Krankgeschrieben: Muss das Ersatzmitglied geladen werden?
Krankgeschrieben und damit automatisch raus aus der Gremienarbeit? Für Betriebs- und Personalräte stellt sich in der Praxis häufig genau diese Frage. Denn Arbeitsunfähigkeit bedeutet nicht zwingend, dass ein Greminemitglied auch sein Amt nicht ausüben kann.
Mit dieser praxisrelevanten Abgrenzung hat sich das Hessische Landesarbeitsgericht in einem aktuellen Eilverfahren beschäftigt und wichtige Klarstellungen für den Umgang mit erkrankten Gremiumsmitgliedern getroffen.
Trotz Arbeitsunfähigkeit weiter im Betriebsratsamt tätig?

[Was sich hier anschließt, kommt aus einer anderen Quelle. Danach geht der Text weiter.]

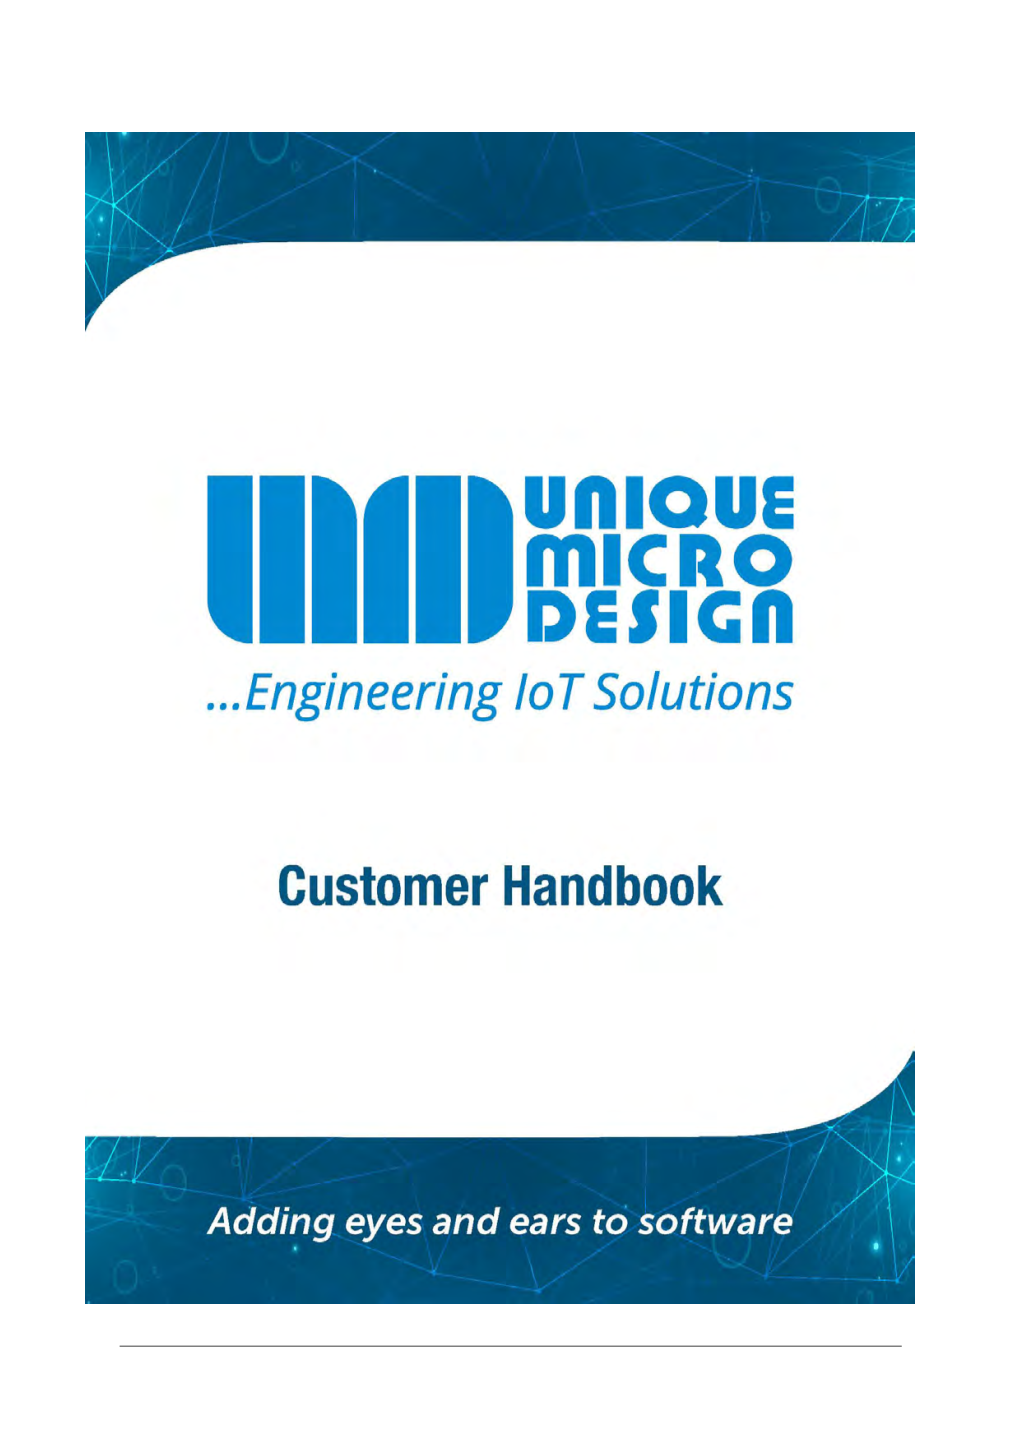 UMD Customer Handbook (HB-201)

Ein Mitglied des Betriebsrats war arbeitsunfähig erkrankt. Während dieser Zeit nahm es nicht an Betriebsratssitzungen teil und hatte seine Teilnahmebereitschaft auch nicht ausdrücklich angezeigt. Der Betriebsratsvorsitzende behandelte das Mitglied daraufhin als verhindert und lud ein Ersatzmitglied zur Sitzung ein.
Zu einem späteren Zeitpunkt machte das erkrankte Betriebsratsmitglied geltend, dass es trotz anhaltender Arbeitsunfähigkeit zukünftig wieder zur Amtsausübung in der Lage sei und dieses wahrnehmen möchte.
Instanzen und Verfahrensgang
Der Fall wurde im Wege eines einstweiligen Verfügungsverfahrens entschieden. Hintergrund war die besondere Eilbedürftigkeit: Es musste kurzfristig geklärt werden, ob das Betriebsratsmitglied zu laden ist oder wirksam durch ein Ersatzmitglied ersetzt werden darf.
Das Hessisches Landesarbeitsgericht hatte dabei über die Rechte und Pflichten im laufenden Betriebsratsverfahren zu entscheiden.
Ohne eine schnelle Entscheidung bestand die Gefahr, dass Beschlüsse des Betriebsrats wegen fehlerhafter Besetzung unwirksam sind. In solchen Fällen spricht man von „Gefahr im Verzug“. Ein Abwarten des regulären Verfahrens wäre nicht zumutbar, weil sonst erhebliche rechtliche Nachteile drohen. Das Gericht trifft daher im Eilverfahren eine vorläufige Regelung, um rechtssichere Zustände für die laufende Betriebsratsarbeit zu schaffen.
Trennung zwischen Arbeits- und Amtsfähigkeit
Nach Auffassung des Gerichts ist strikt zwischen Arbeitsunfähigkeit und Amtsfähigkeit zu unterscheiden. Eine ärztlich bescheinigte Arbeitsunfähigkeit bedeutet zunächst nur, dass ein Arbeitnehmer seine arbeitsvertraglich geschuldete Tätigkeit nicht ausüben kann. Daraus kann jedoch nicht automatisch geschlossen werden, dass auch die Ausübung des Betriebsratsamts unmöglich ist.
Allerdings gilt:
Zeigt das Betriebsratsmitglied seine Bereitschaft zur Teilnahme nicht an, darf der Vorsitzende es zunächst als verhindert ansehen und das entsprechende Ersatzmitglied laden. Etwas anderes gilt jedoch, wenn das reguläre Betriebsratsmitglied ausdrücklich erklärt, trotz Krankheit sein Amt ausüben zu wollen. In diesem Fall darf die Arbeitsunfähigkeit nicht ohne Weiteres als Hinderungsgrund gewertet werden.
Praxishinweis: Das Bundesarbeitsgericht hat jedoch klargestellt, dass für voll freigestellte Betriebsratsmitglieder Besonderheiten gelten (BAG, Beschluss vom 28.07.2020 – 1 ABR 5/19): Ist ein vollfreigestelltes Betriebsratsmitglied arbeitsunfähig erkrankt (mit ärztlichem Attest), gilt dieses Gremiumsmitglied in der Wahrnehmen seines Amts als verhindert und darf in dieser Zeit nicht an Betriebsratssitzungen teilnehmen.
Urteil
Arbeitsunfähigkeit führt nicht automatisch zur Amtsunfähigkeit.
Ein krankgeschriebenes Betriebsratsmitglied kann sein Amt grundsätzlich weiterhin ausüben. Maßgeblich ist, ob es seine Amtsfähigkeit gegenüber dem Betriebsrat geltend macht.